▸ What the task requires
Would you please set down the data again exactly as given, excluding the pictures?

▸ Data shown
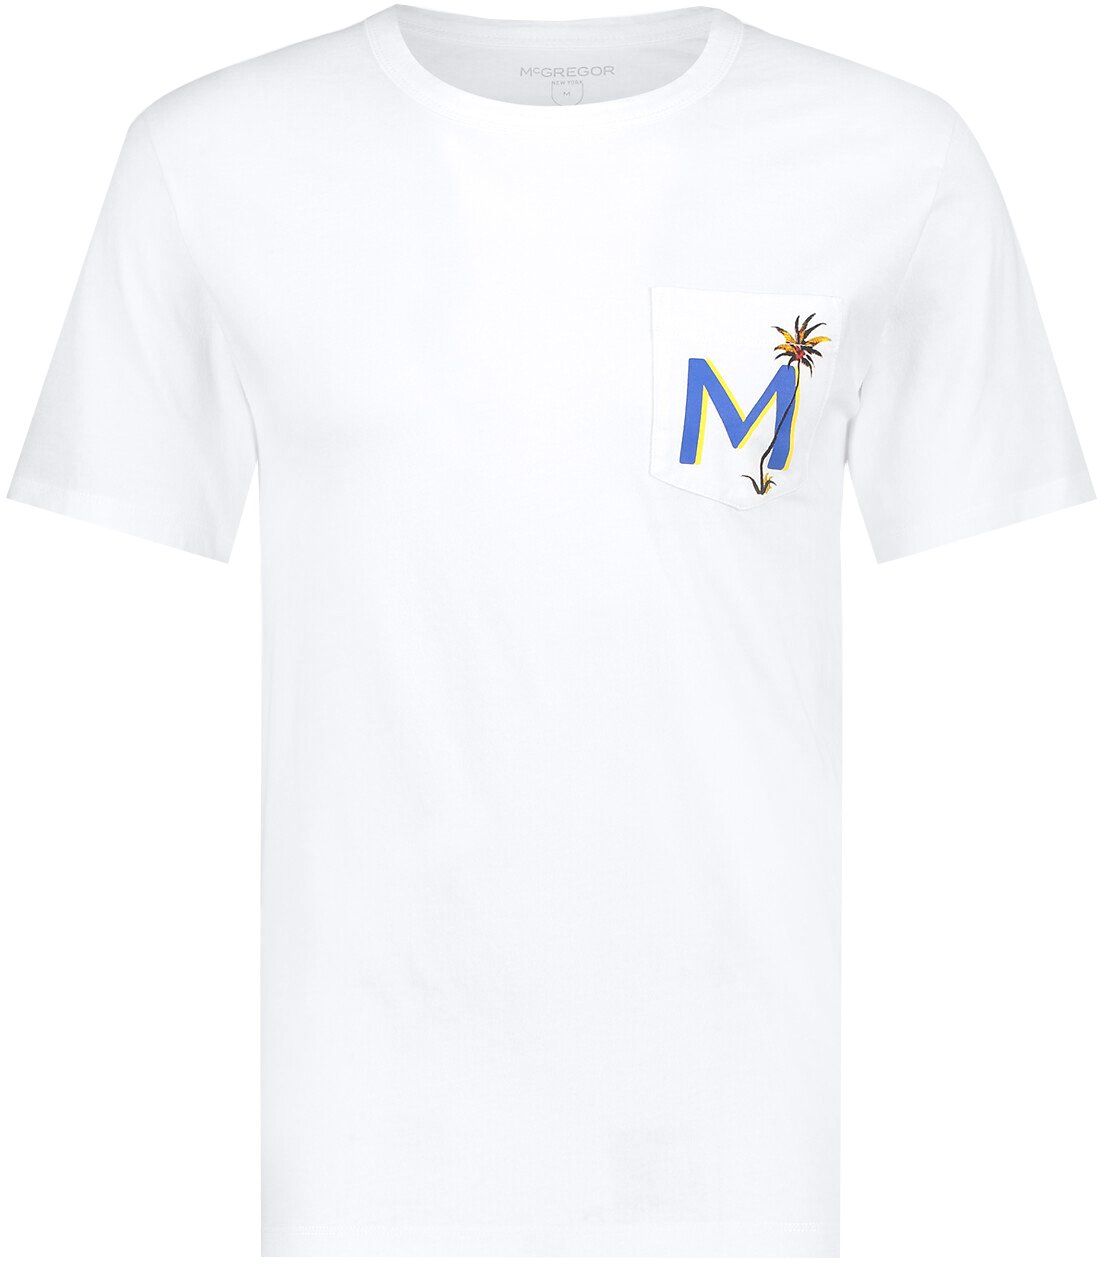 McGregor T Shirt Pocket Logo White size S
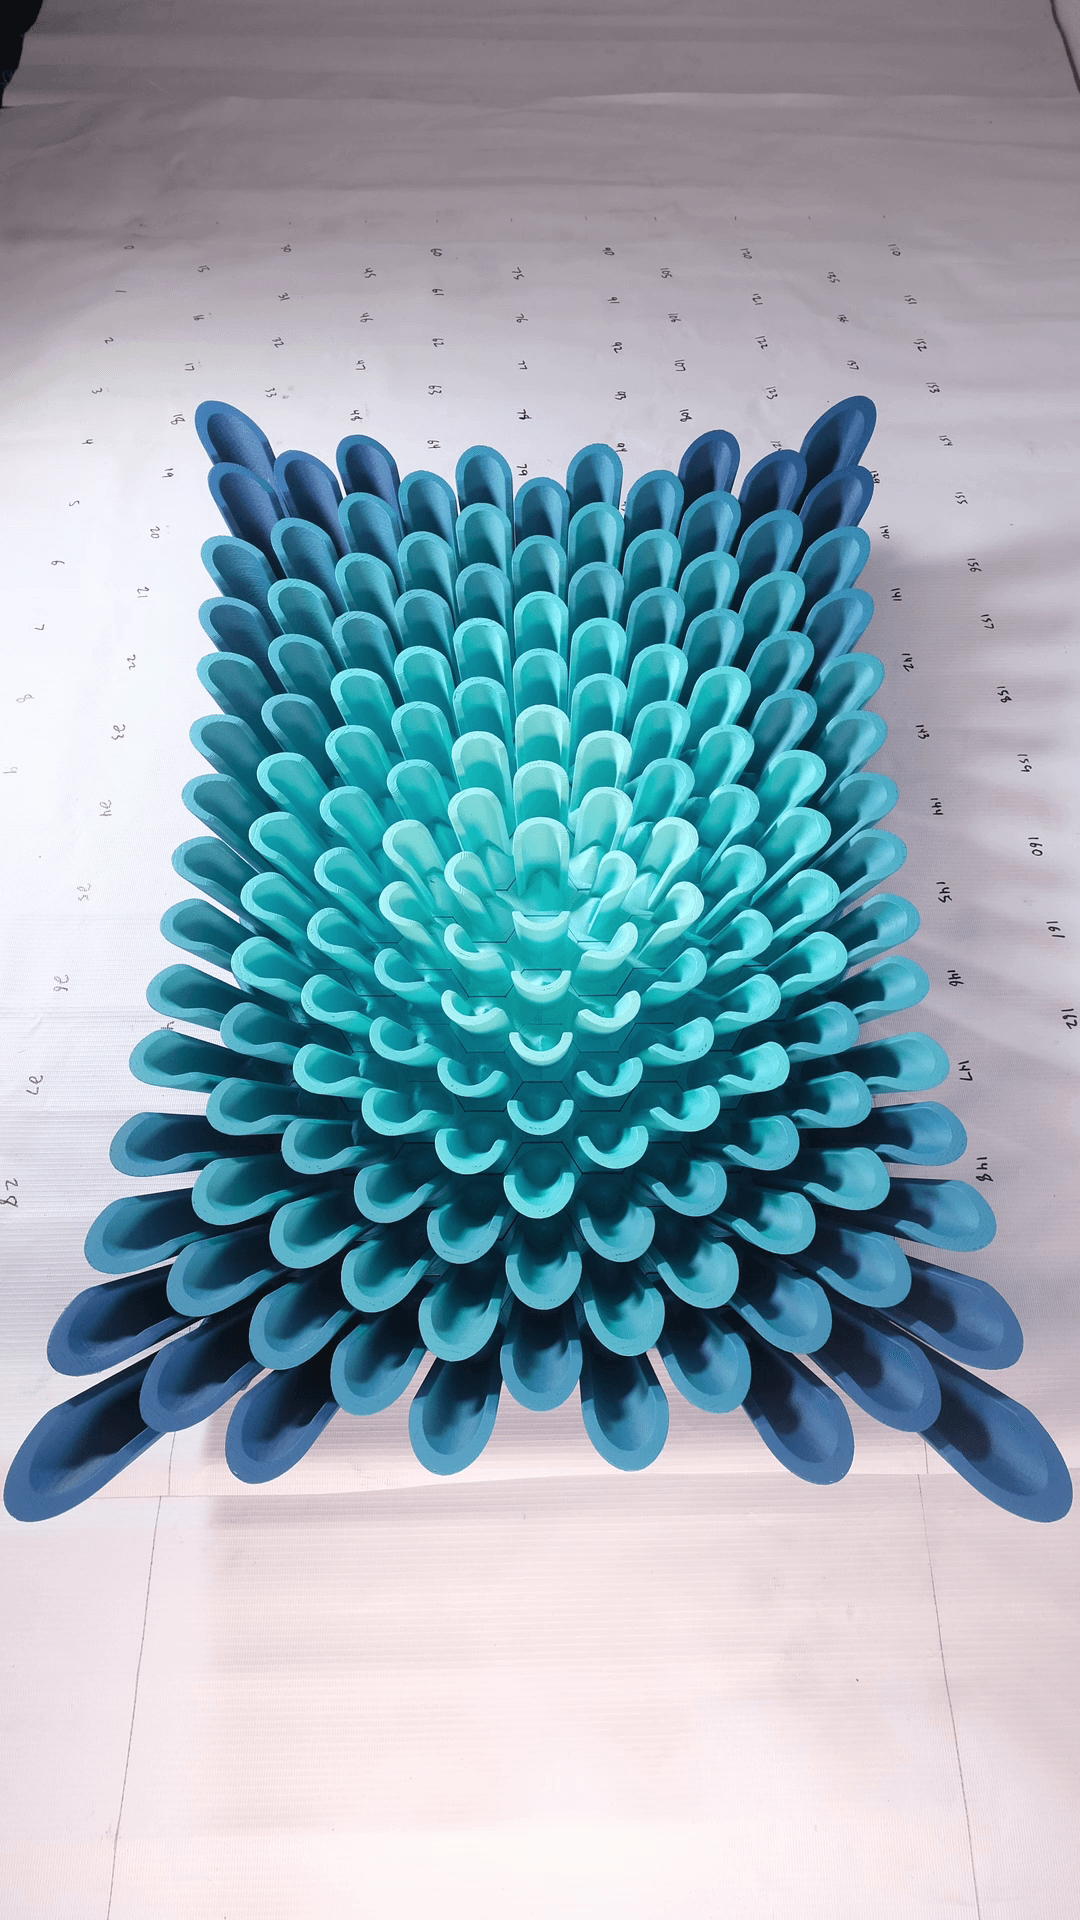 Splashy Burst | Herschel Shapiro | Organic Geometric Sculptures
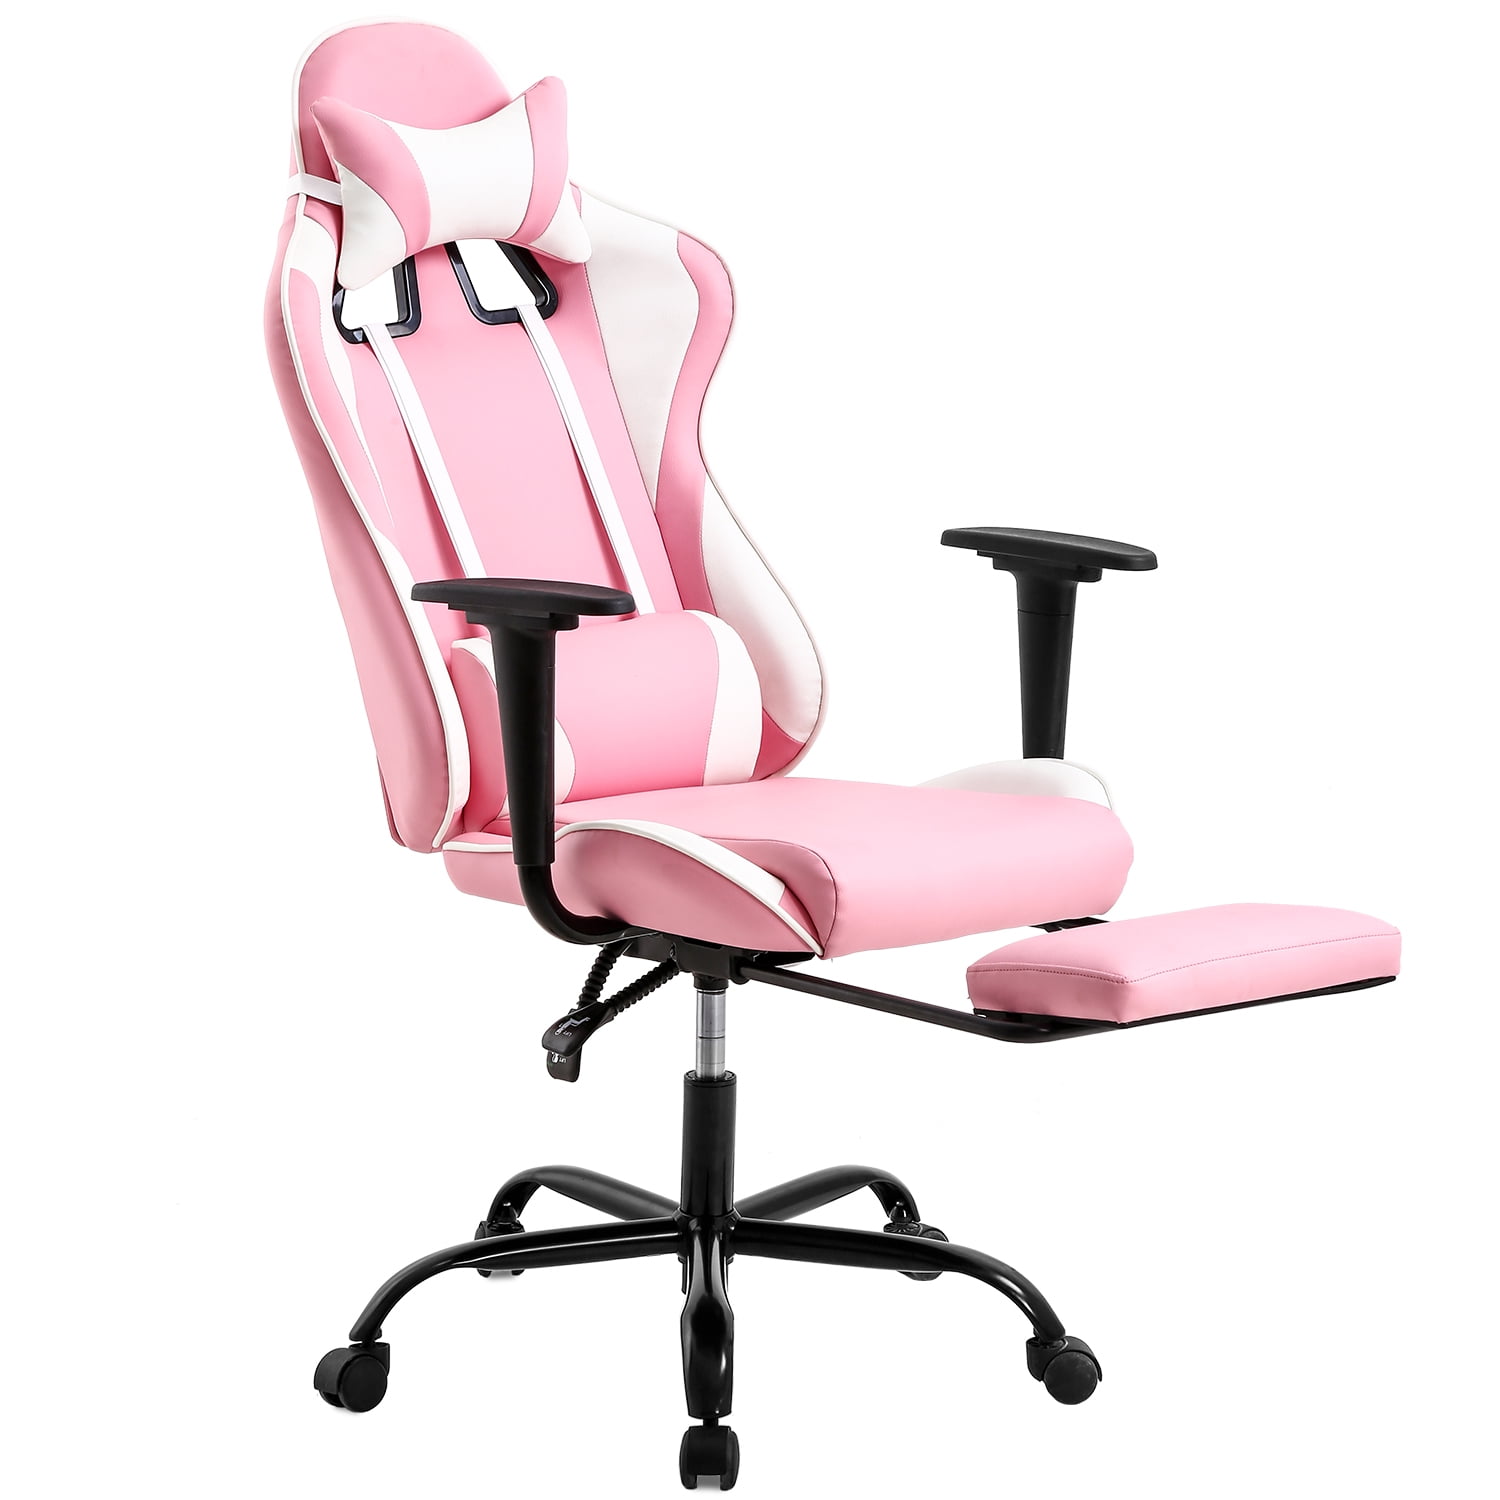  Pink Computer Chair Walmart

▸ Answer box
 McGregor T Shirt Pocket Logo White size S
 Splashy Burst | Herschel Shapiro | Organic Geometric Sculptures
  Pink Computer Chair Walmart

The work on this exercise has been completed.